The slow movement is very fine indeed. The mood is beautifully
set by Belohlávek and his players, who give a most refined account
of the orchestral introduction – I’d describe the playing as
silky. For all the excellence of his pianism elsewhere in the
set Paul Lewis seems to reserve some of his most poetic playing
for the ruminative pages that comprise this movement. The whole
piece is quite magical, not least the wonderful transition into
the finale. This final movement bounds along with great vigour.
Although the marking con brio is absent from the printed
page that’s very much the spirit of this performance. The music
making has the same gusto that one should experience in a successful
reading of the first movement of the Seventh symphony. This
sets the seal on a very fine and satisfying account of this
magnificent concerto.
This set of the Beethoven piano concertos is a very considerable
achievement. Throughout the set Paul Lewis offers playing of
the very highest level of accomplishment and he evidences great
understanding of Beethoven’s idiom and style – all this one
would expect from an artist who has already given us such a
notable sonata cycle. His performances of all five concertos
are highly enjoyable and very satisfying. Not once in some three
hours of music making did I hear anything that I disliked or
that jarred. What I did experience was a great deal of
intelligent, stylish and very musical playing and I found this
set of performances to be enjoyable and stimulating from start
to finish.
Jirí Belohlávek and the BBC Symphony Orchestra provide adept
support throughout. For whatever reason it seemed that the orchestra
lost its way to some extent during the time that Leonard Slatkin
was at its helm. From performances that I’ve heard and some
of the reviews that I’ve read it appears that the partnership
with Belohlávek is a fruitful one and that he’s developed a
good rapport with the players, which is producing good and consistent
results. On the evidence of their contribution to this set the
partnership is working well and Belohlávek proves himself to
be a sympathetic and very able accompanist. It was evident,
following in the scores, that the players are attentive to dynamics
and other important matters of detail.
The recorded sound is good. The soloist is placed quite forwardly
but not excessively so and the engineers have captured the sound
of the piano very well. The sound of the orchestra is faithfully
reported and generally the balance with the soloist is good.

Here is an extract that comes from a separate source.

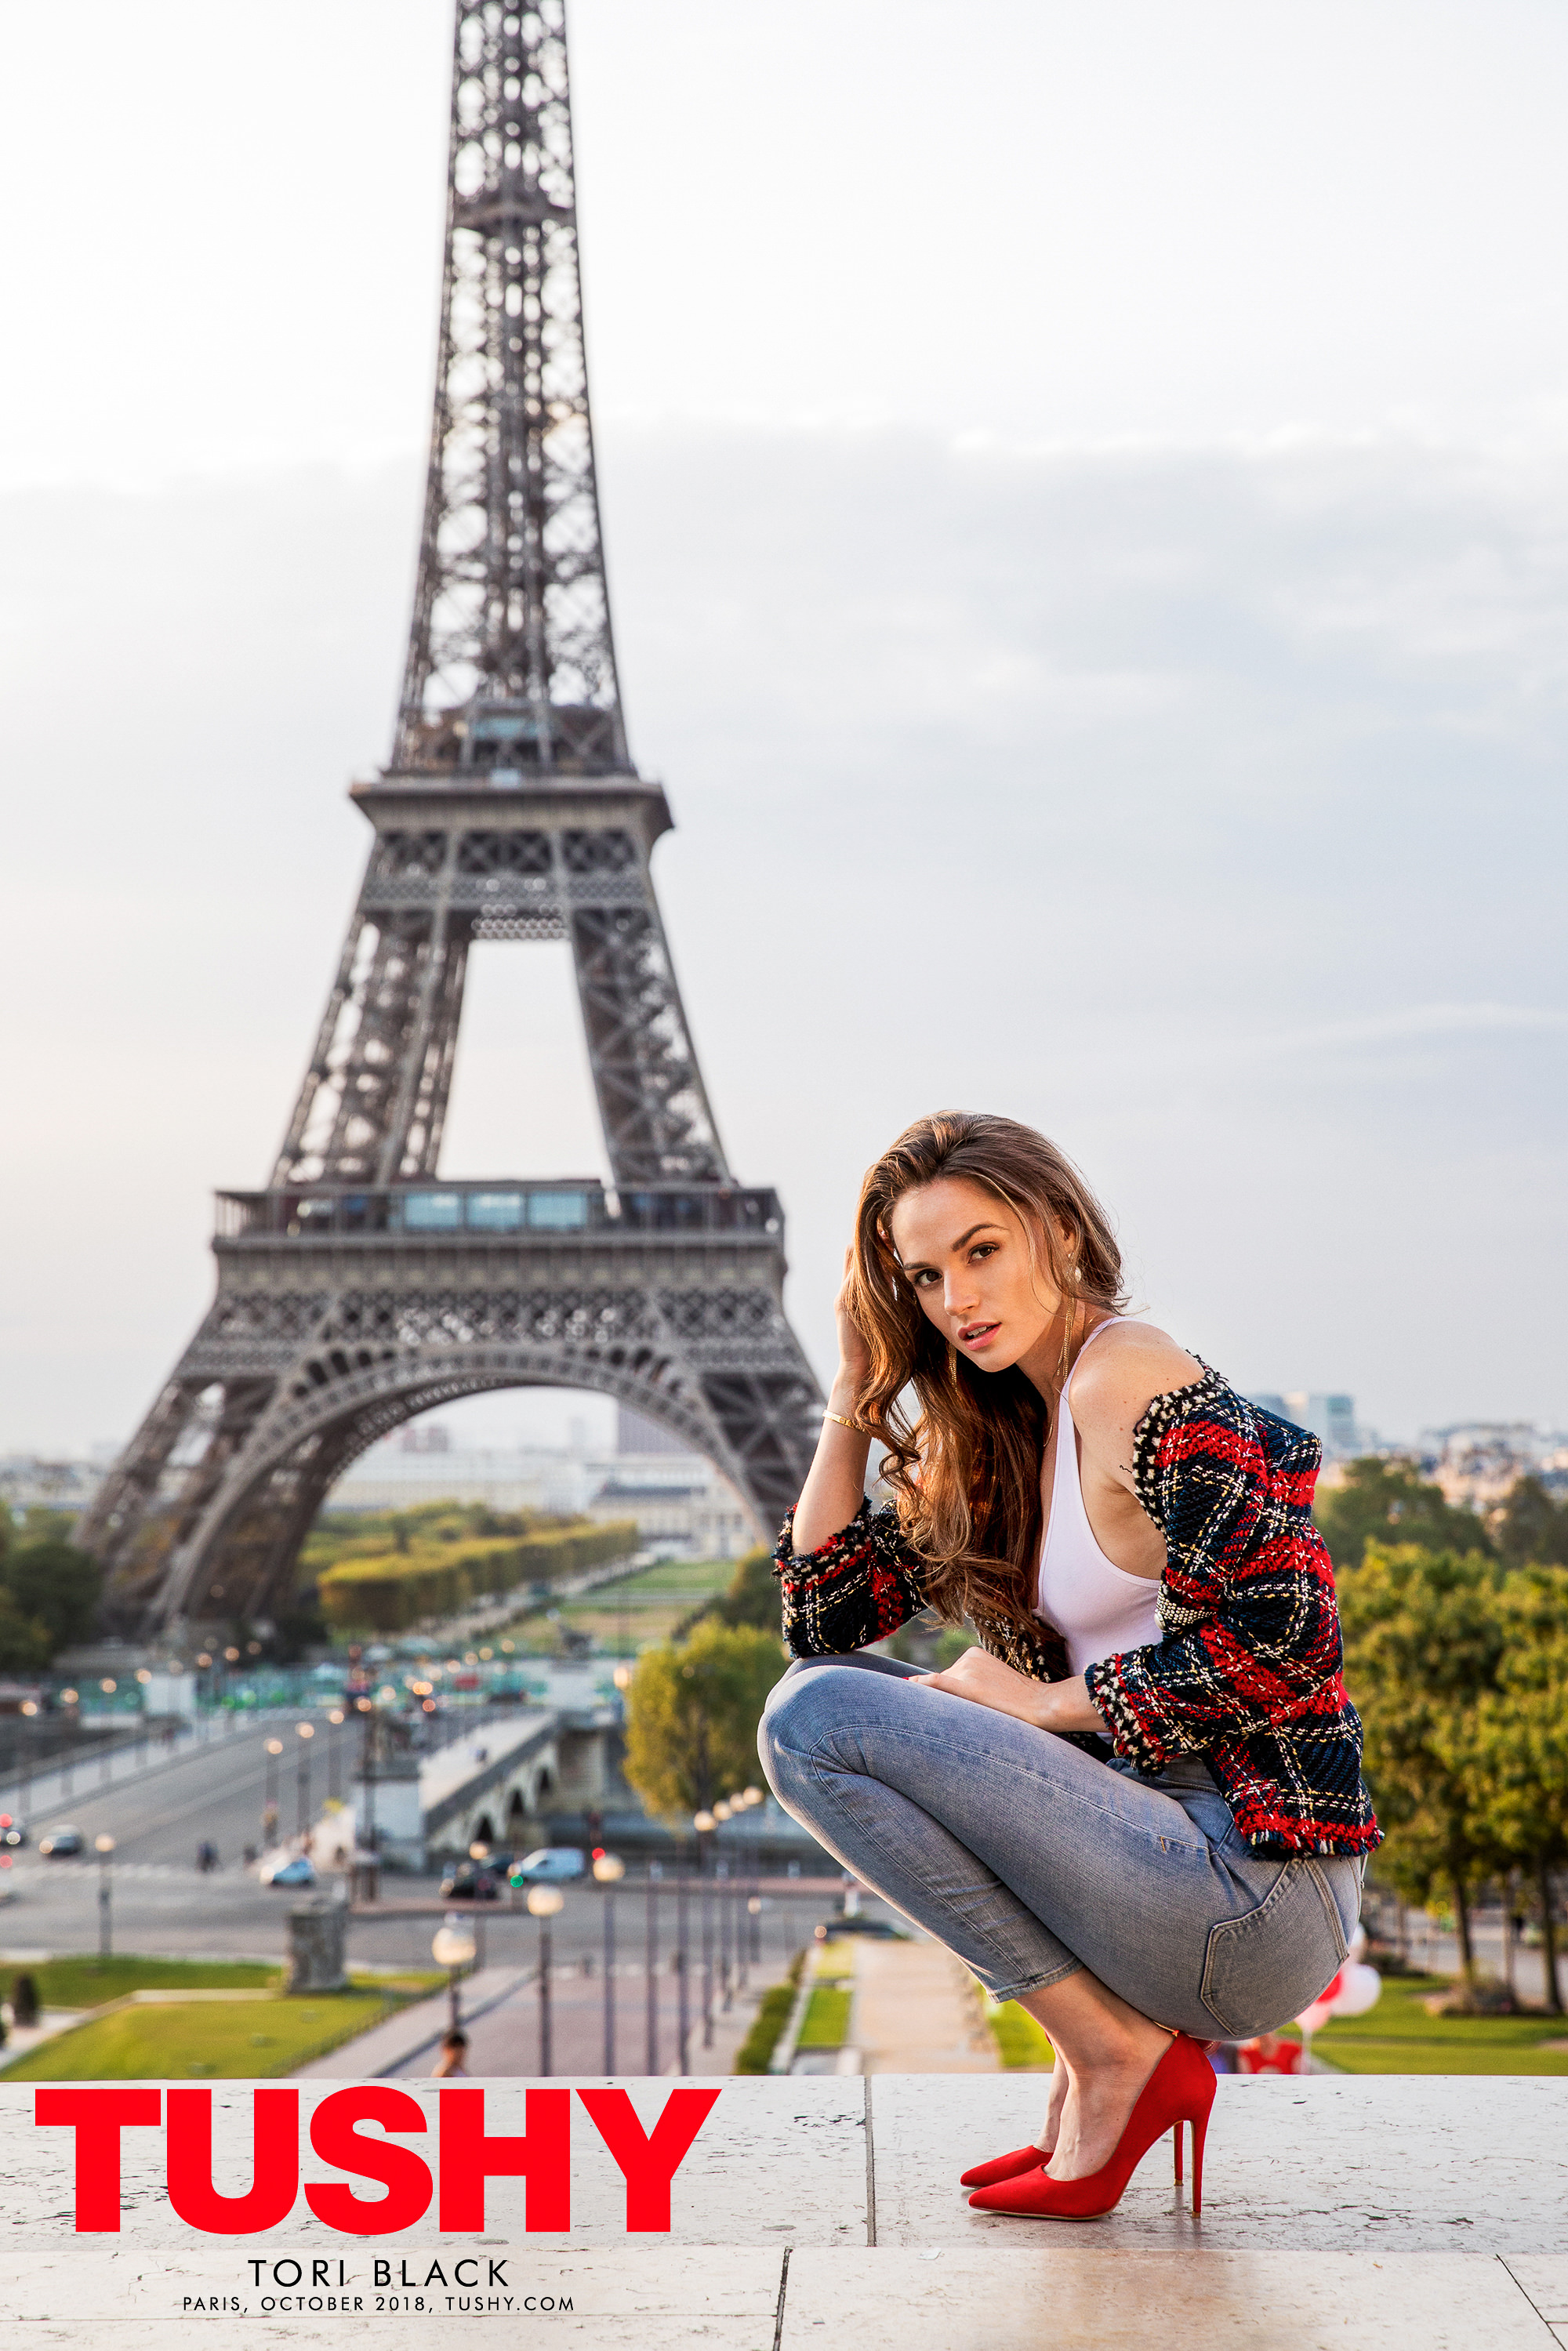 People 2000x2999 Tori Black Tushy pornstar model red heels jeans Eiffel Tower women France Paris Europe landmark American women

Just occasionally I thought that some quiet orchestral details
were masked by the piano but this is a very minor matter. The
booklet contains a useful essay by Jean-Paul Montagnier, though
the English translation has some careless slips that should
have been picked up with more careful proof reading.
It’s interesting to note in passing that at the time he recorded
these performances Paul Lewis was about one year older than
was Beethoven himself at the time he completed the Fourth concerto.
I have no doubt that he will continue to deepen and refine his
interpretations of these great works over time and if he gets
the chance to record them again in twenty years time I hope
I’ll be around to hear the results. But if that doesn’t happen
it doesn’t matter because these splendid, stylish performances
offer enough to keep me very happy for years to come. Paul Lewis
is a very considerable Beethoven interpreter and the appearance
of this set is a cause for great rejoicing.